Dr. Budde believes that community oncologists may not be fully aware of the shortage of BCMA-directed CAR T-cell therapy for patients with myeloma. “The academic community knows about the shortage, but the oncology community as a whole needs to be aware of this. If community oncologists are referring patients to a comprehensive cancer center, they should be aware of the CAR T-cell shortages. But there are other options, including more than 50 CAR T-cell clinical trials that are offered at City of Hope, either our own or pharmaceutical-sponsored trials.” 

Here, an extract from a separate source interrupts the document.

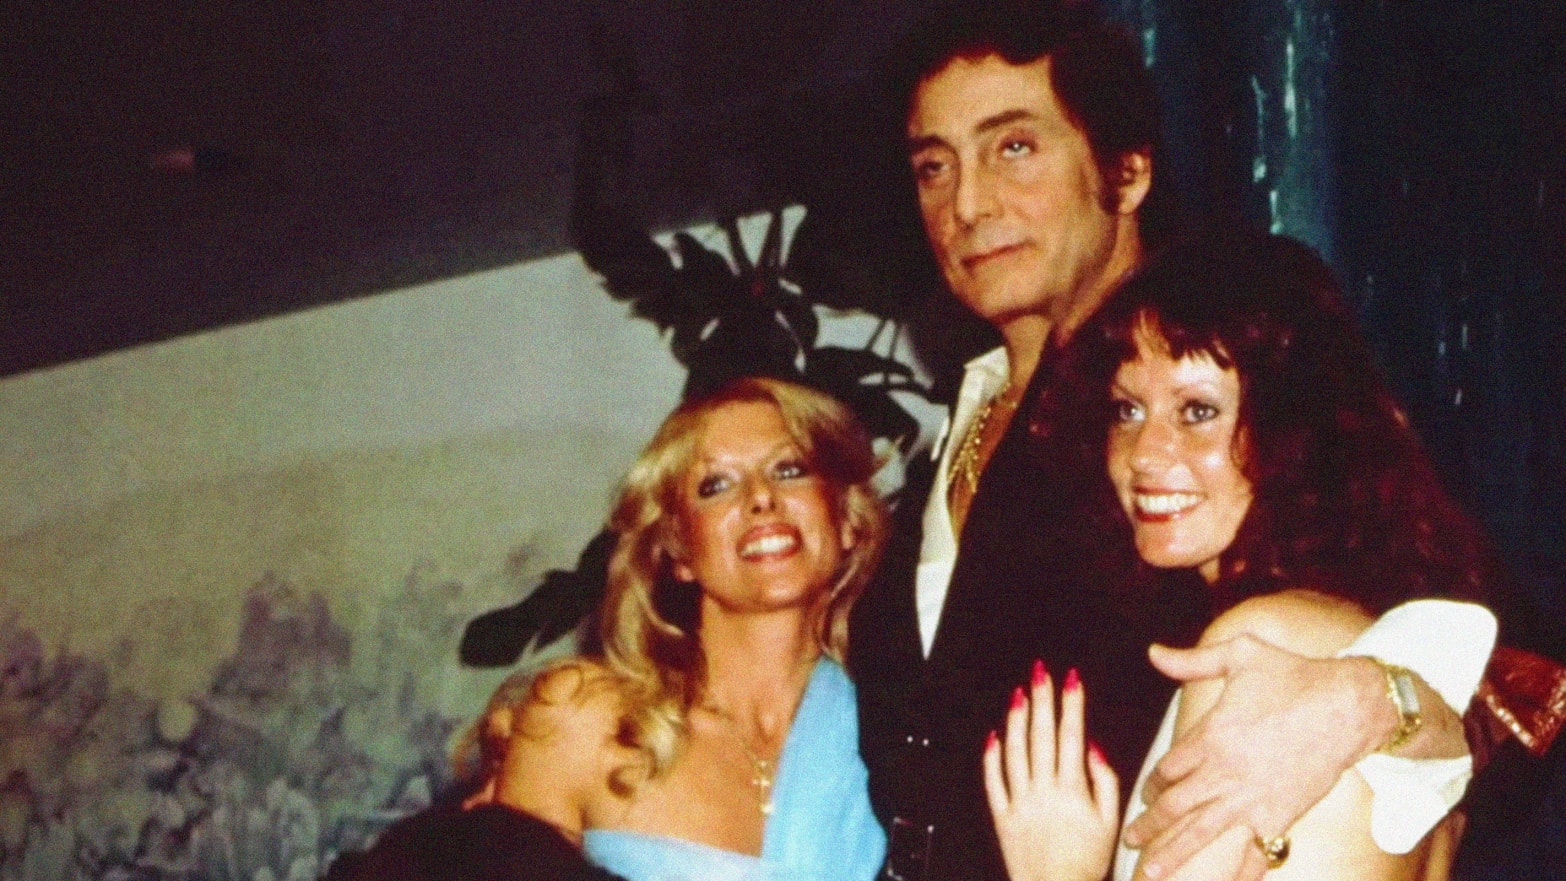 A still from "Secrets of Penthouse" showing Bob Guccione.

DISCLOSURE: Dr. Patel is a consultant for Janssen, Pfizer, Bristol Myers Squibb, Legend Biotech, Arcellx, Merck, Oncopeptides, and Karyopharm. Dr. Lin is a consultant for Kite/Gilead, Celgene BMS, June/BMS, Bluebird Bio, Janssen, Legend Biotech, Gamida Cell, Novartis, Iovance, Takeda, Fosun Kite, and Pfizer; has received institutional grants or research support from Kite/Gilead, Celgene/BMS, Bluebird Bio, Janssen, Legend Biotech, Merck, Takeda, and Boston Scientific; and has served on a data safety monitoring board for Sorrento; a data review committee for Pfizer, and a scientific advisory committee for NexImmune. Dr. Frigault is a consultant for BMS, Novartis, Kite/Gilead, Iovance, and Johnson & Johnson; and has received research funding from Kite/Gilead, Novartis, and Arcellx. Dr. Locke is a consultant or advisor to A2 Bio, Amgen, Bluebird Bio, Bristol Myers Squibb/Celgene, Calibr, Cellular Biomedicine Group, CERo, Cowen, Daiichi Sankyo/UCB Japan, EcoR1 Capital, Gerson Lehrman Group, Iovance Biotherapeutics, Janssen, Kite/Gilead, Legend Biotech, Novartis, Sana Biotechnology, Takeda, and Umoja Biopharma; has received institutional research funding from CERo, Bluebird Bio, Bristol Myers Squibb/Celgene, Kite/Gilead, and Novartis; has been reimbursed for travel, accommodations, or other expenses by Kite/Gilead; and holds the following institutional patents, royalties, or other intellectual property: CAR T Cells With Enhanced Metabolic Fitness, Double Mutant Survivin Vaccine, Evolutionary Dynamics of Non-Hodgkin Lymphoma CAR T-Cell Therapy, Methods of Enhancing CAR T-Cell Therapies. Dr. ­Jabbour has been a consultant or advisor to or has received research funding from AbbVie, Adaptive Biotechnologies, Amgen, BMS, Genentech, Pfizer, and Takeda. Dr. Budde is a consultant for ADC Therapeutics, BeiGene, Genentech, Gilead, Novartis, and Roche; and has received research funding from Amgen, AstraZeneca, Merck, and Mustang Bio.


1. Kourelis T, Bansal R, Patel KK, et al: Ethical challenges with CAR T slot allocation with idecabtagene vicleucel manufacturing access. 2022 ASCO Annual Meeting. Abstract e20021.